The following is a list of documents that provide background material, requirements, and related topics:

Con Ops Supplemental Page for Requirements Gathering: Supplemental VCDE Requirements Elicitation Initiative 2009 - 2010;
Semantic Requirements Forum: https://cabig-kc.nci.nih.gov/Vocab/forums/viewforum.php?f=34
Con Ops Stakeholders: Semantic Infrastructure Concept of Operations Stakeholders
Con Ops Requirements: Requirements Questionnaires
Con Ops Use Cases: Use Cases for Semantic Requirements

Terms & Definitions

Term	Definition
MUST	This word means that the definition is an absolute requirement of the specification.
MUST NOT	This phrase means that the definition is an absolute prohibition of the specification.
WILL	This word means that the definition is an absolute future requirement of the specification.
WILL NOT	This phrase mean that the definition is an absolute future prohibition of the specification.
SHOULD	This word means that there may exist valid reasons in particular circumstances to ignore a particular item, but the full implications must be understood and carefully weighed before choosing a different course.
SHOULD NOT	This phrase means that there may exist valid reasons in particular circumstances when the particular behavior is acceptable or even useful, but the full implications should be understood and the case carefully weighed before implementing any behavior described with this label.
MAY	This word means that a requirement is truly optional. The developer may choose to include the item based on the needs of their design.

Use Case Level Criteria

When designing use cases, it is important to maintain a consistent approach to determining at which level use cases are placed when they are authored. The granularity of the use case directly relates to its implementability, so maintaining a leveling scheme will insure that use cases are implemented, tested, etc. at a consistent level.
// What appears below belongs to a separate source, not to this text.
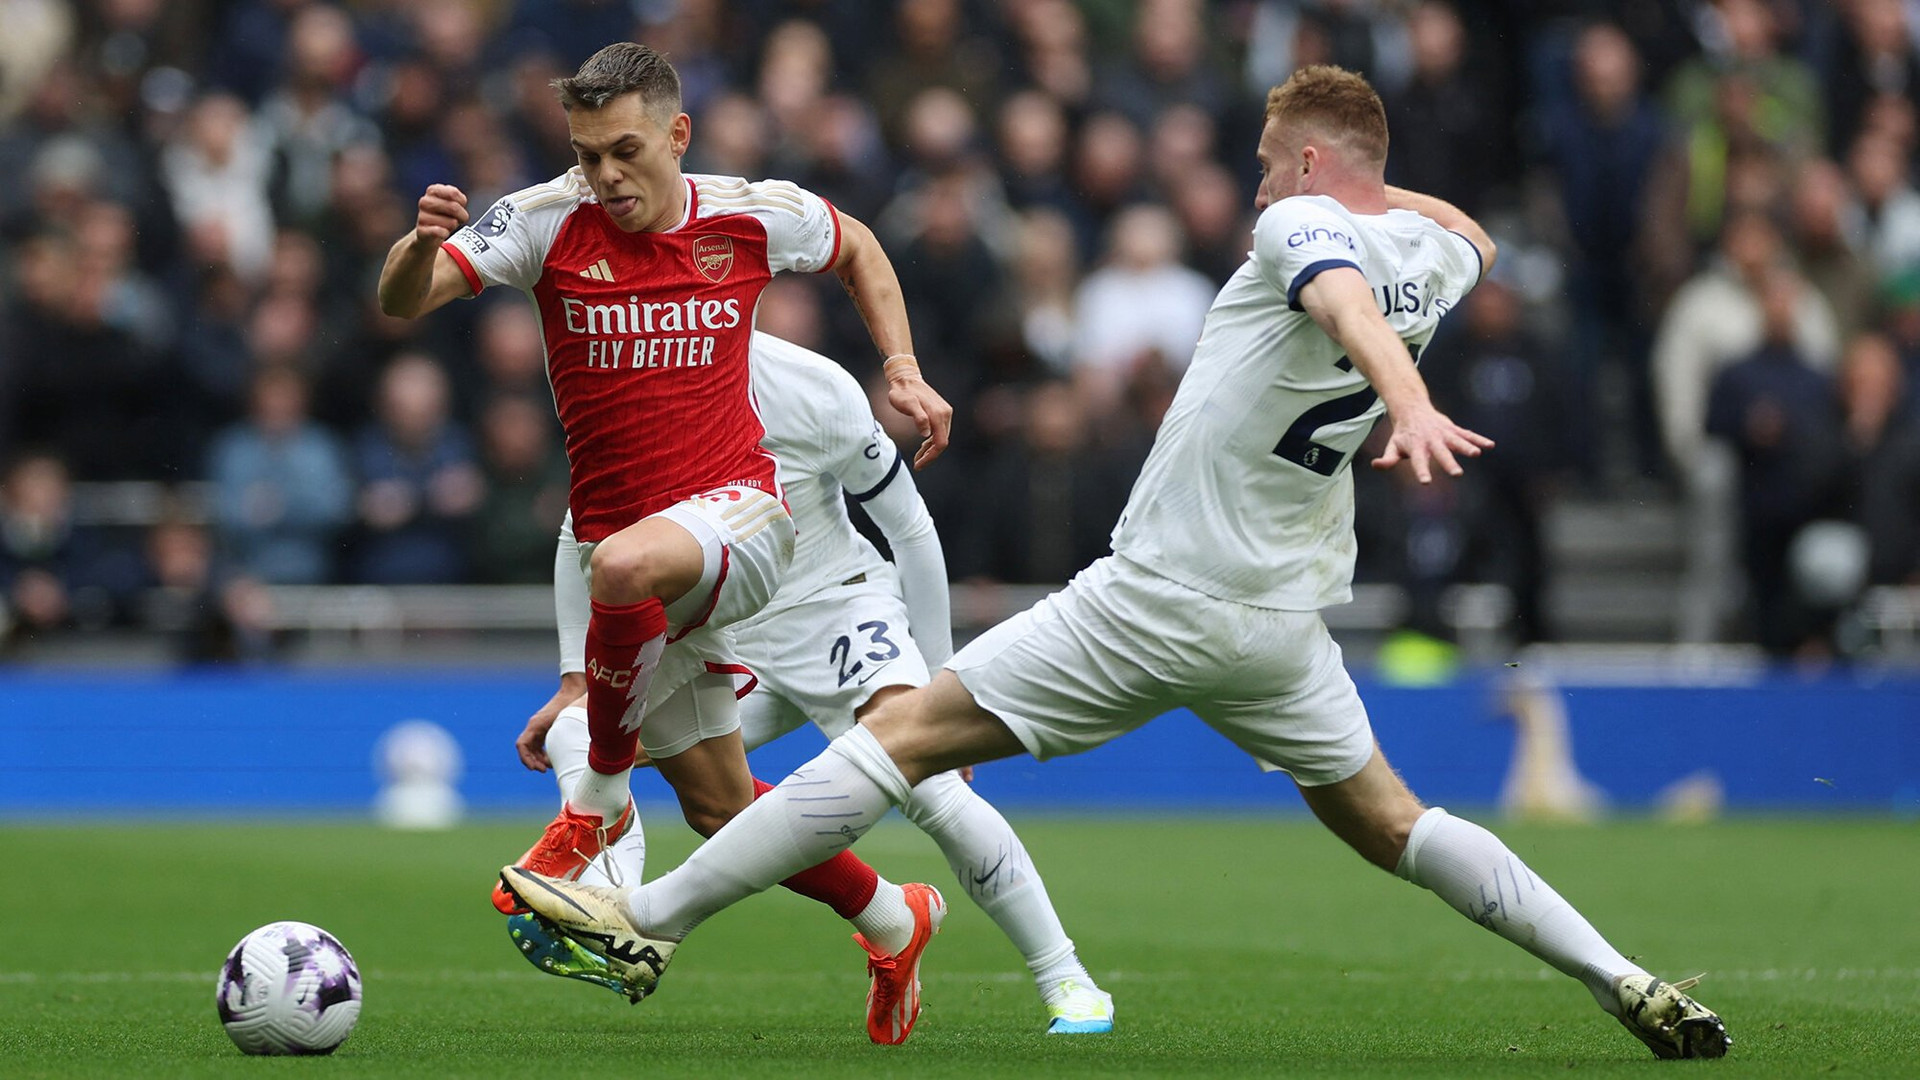 Tottenham ép sân nhưng Arsenal hiệu quả hơn trong hiệp 1. (Ảnh: Reuters)

In alignment with this, we will maintain the following use case leveling criteria:

Global statement
Example: manage patient's health
Use Case Level 0: most general, high level business process
Example: treat this patient for cancer
Use Case Level 1: next level of business flow, such as inter-department level
Example: treat this patient for cancer by using diagnostics, education, treatments, etc.
Use Case Level 2: specific enough to drive major model dimensions (static/information model, behavioral model, governance model, etc.) and can include some exception conditions
Example: treat this patient for cancer by ordering these lab tests, evaluating the results, customizing a treatment or treatment plan to specifically address concerns
Use Case Level 3: includes details of each exchange of information, as well as assumptions about system boundaries
Example: treat this patient for cancer by ordering these lab tests in the caEHR system
i. find the patient, if new add patient, if not check for update
ii. create request(s) for testing for patient, then evaluate the results,
ii-a. read the faxed copy of the result or
ii-b. receive notification in Provider email that a result is ready for viewing, etc...
Use Case Level 4: project-specific solution for exchanges detailed in use case level-3 (could be MSG, SOA, or both)
Example:Standard Process Flow
1. Provider Refers Patient for Cancer Treatment
2. Provider and Patient have an encounter
3. Provider evaluates Patient's condition, treatment plan, current statistics, requests diagnostics
4. Provider updates treatment plan
5. Patient is treated, outcomes documented
6. Flow returns to any of the above steps or patient is released from cancer treatment

Assumptions and Dependencies

Usability

The user interface shall be designed for ease-of-use by the designated end-users, shall use terms common to the user's normal business environment, and shall require little to no additional training on the system. Drop down menus, Google-like searches, and tooltips should be used wherever appropriate.

Accessibility

The user interface should be accessible via a web browser.

General Assumptions

Following is a list of basic assumptions:

Federated Discovery Services: Knowledge Repository Services will be distributable and discoverable in a federated manner
Security Considerations: services and underlying data will be secured using the caBIG security architecture
Subscriptions/Notifications: services requiring subscription and notification functionality will be enabled by the caBIG pub/sub architecture
ISO 11179 Ed 3: the Knowledge Repository will comply with ISO 11179 Ed 3 specifications. See here for our analysis.
Ability to have non-administered items: the Knowledge Repository will provide for non-administered items in the ISO 11179 notion
Duplication/identification: in compliance with the Federated Discovery Services assumption, reference of data, data duplication, and unique identification of data will be handled

Dependencies

TBD

Functional Requirements

Model Services

Some basic description of model services.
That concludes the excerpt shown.